Birleştirilen 2006/66 Esas sayılı dosya davacısı Hazine dava dilekçesinde özetle; dava konusu ... ili, ... mevkiinde kain 102 ada 211 parsel sayılı 32.817,28 m2 yüzölçümlü taşınmazın kadastro tespitlerinde davalı adına tespit gördüğünü, dava konusu taşınmazın imar ve ihya edilmediğini, genelde taşlık, kayalık, çalılık yerler olduğunu, tarım arazisi olmadığının tespit edildiğini, bahse konu taşınmazın 3402 sayılı Kadastro Kanunu gereğince zilyetlik ile iktisap için gerekli zaman aşımı dolmadığını, ayrıca taşınmazların zilyetlikle iktisap edilemeyen yerlerden olduğunu, zilyetlik ile iktisap için gerekli yasal şartların hiç birinin oluşmadığını, bu nedenlerle dava konusu taşınmazın kadastro tespitinin iptali ile şerhsiz ve beyansız olarak Hazine adına tescil edilmesini talep ve dava etmiştir.
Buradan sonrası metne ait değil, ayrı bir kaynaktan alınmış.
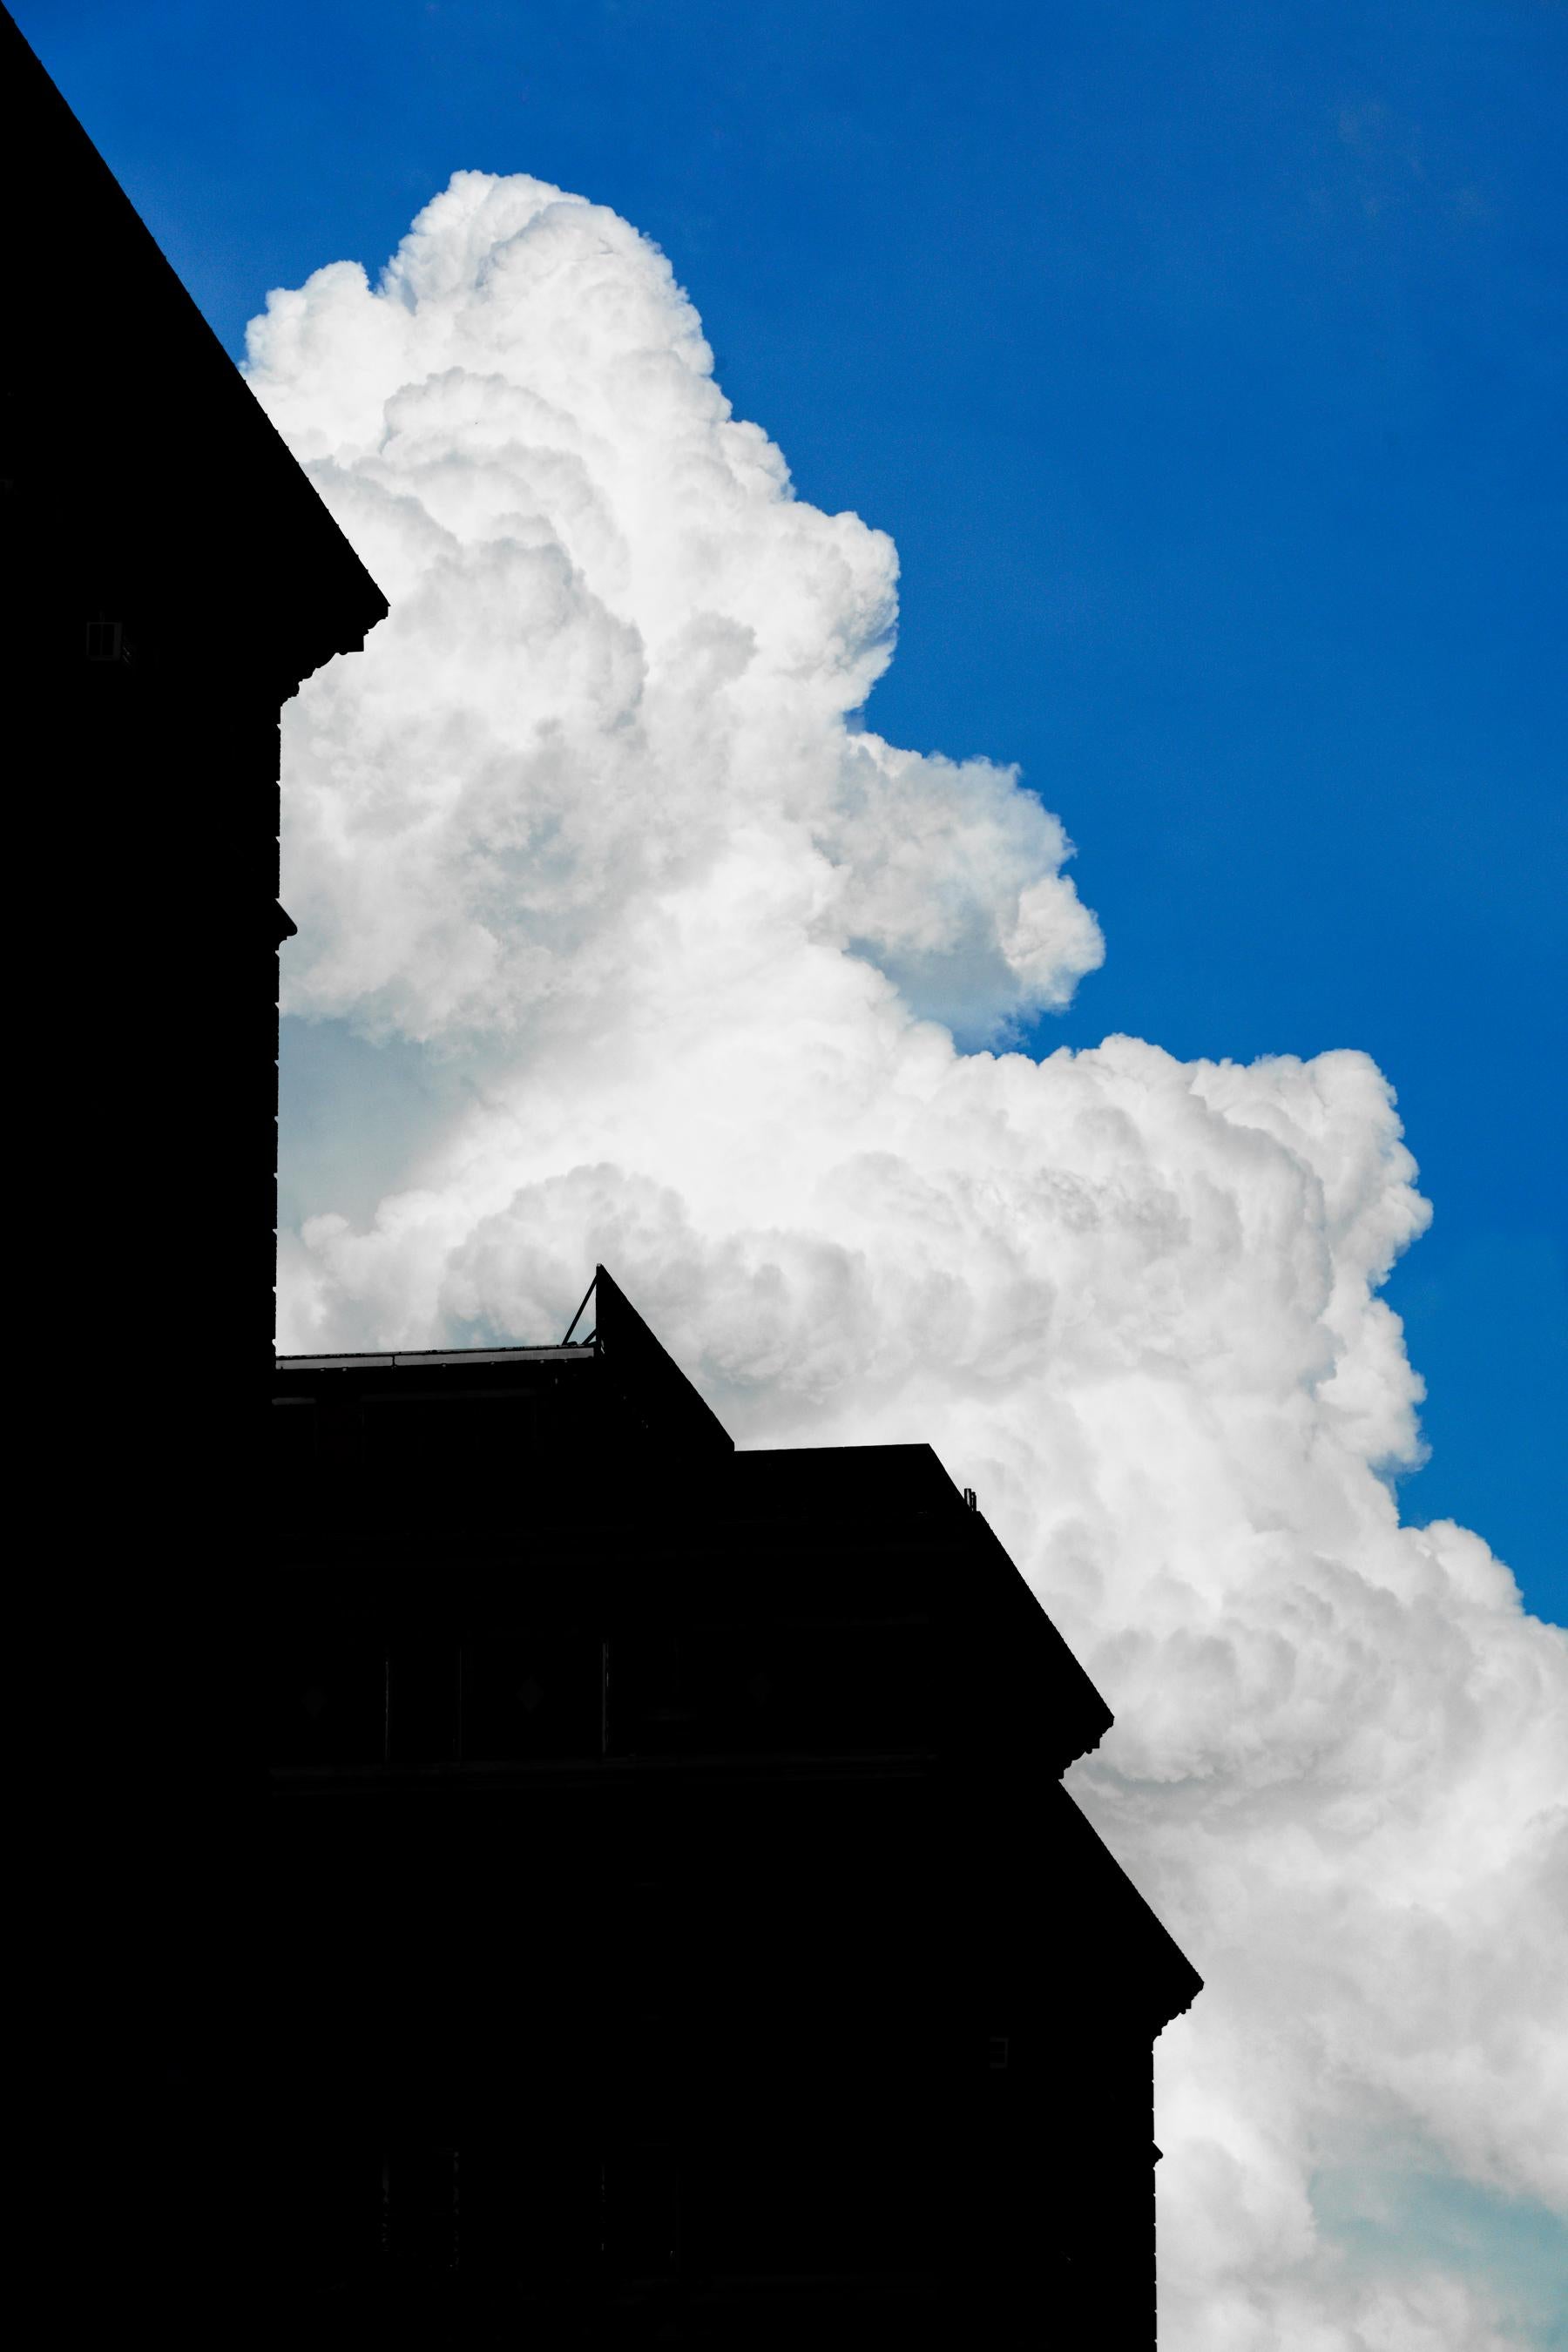 "Building With Cloud #2", photography, city, architecture, white cloud, blue sky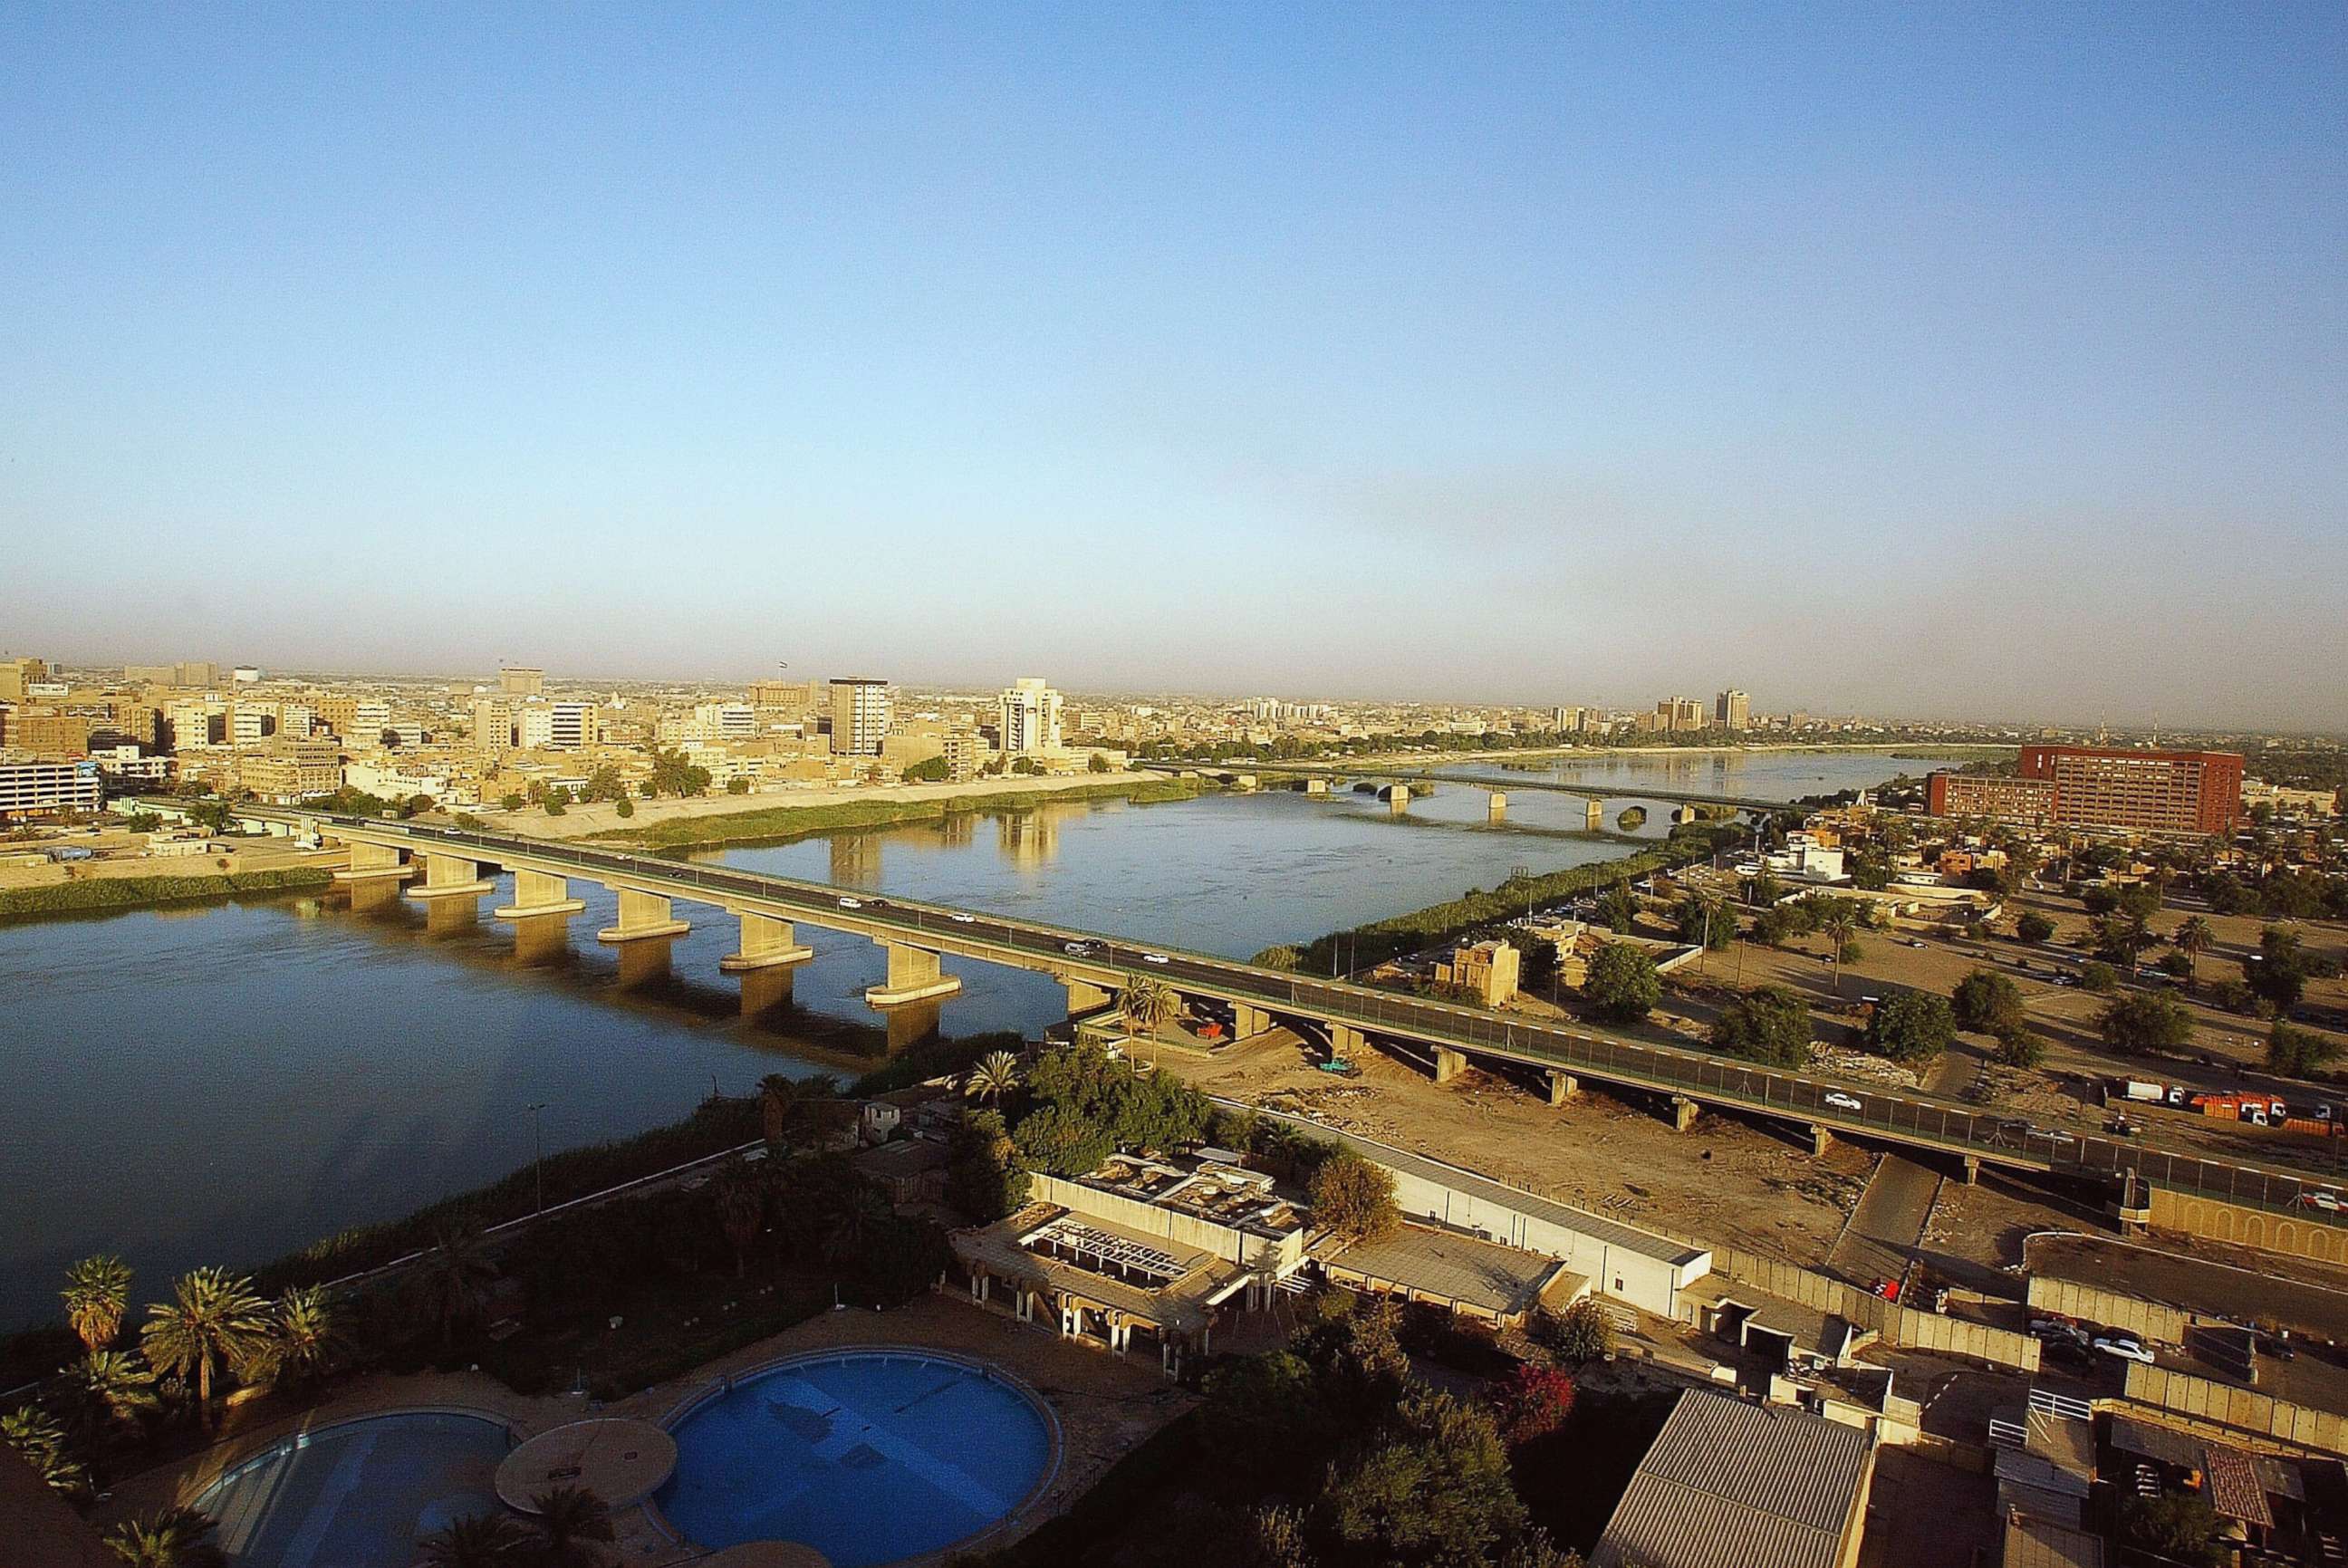 PHOTO: The Tigris River and the skyline of Baghdad, Iraq, Sept. 21, 2006.

Mahkemece yapılan yargılama sonucu, 2006/18 Esas sayılı davanın kabulü ile birleşik 2006/66 Esas sayılı davanın kısmen kabul kısmen reddine; ... ili, Kaş ilçesi, Sarılar köyü, Kocaalan mevki 102 ada 212 parsel sayılı taşınmazın kadastro tespitinin iptali ile davacı ... adına aynı vasıf ve miktarda tapuya kayıt ve tesciline, ... ili, Kaş ilçesi, Sarılar köyü, Kocaalan mevki 102 ada 211 parsel sayılı taşınmazın Harita
Mühendisi..."ın 09.04.2014 tarihli raporu ve krokisinde (A) rumuzu ile işaretli 5810.62 m2"lik kısmının iptali ile aynı ada içerisinde son parsel numarası verilerek ham toprak vasfı ile Hazine adına tapuya kayıt ve tesciline, (B1), (B2), ve (B3) rumuzu ile işaretli toplam 27002.2 m2"lik kısmın tespit gibi tapuya kayıt ve tesciline karar verilmiş, hüküm davacı ... ve davalılar ..., ..., ..., ... tarafından temyiz edilmiştir.
Dava dilekçesindeki açıklamaya göre dava, kadastro tespitine itiraza ilişkindir.
İncelenen dosya kapsamına, kararın dayandığı gerekçeye göre, bilirkişi raporlarına göre çekişmeli 102 ada 211 parsel sayılı taşınmazın (A) ile gösterilen bölümüne ilişkin zilyetlikle kazanma koşullarının oluşmadığı, 211 sayılı parselin (B1), (B2), (B3) bölümüyle 102 ada 212 sayılı parselin tamamının davacı ..."nun dayandığı tapu kaydının kapsamında kaldığı anlaşıldığına göre yerinde görülmeyen temyiz itirazlarının reddi ile usul ve kanuna uygun olan hükmün ONANMASINA, 19.01.2011 tarihinde yürürlüğe giren 6099 sayılı Kanunun 16. maddesi ile 3402 sayılı Kanuna eklenen 36/A maddesi gereğince davalılardan onama harcı alınmasına yer olmadığına ve alınan temyiz harcının istek halinde iadesine 29/03/2017 gününde oybirliği ile karar verildi.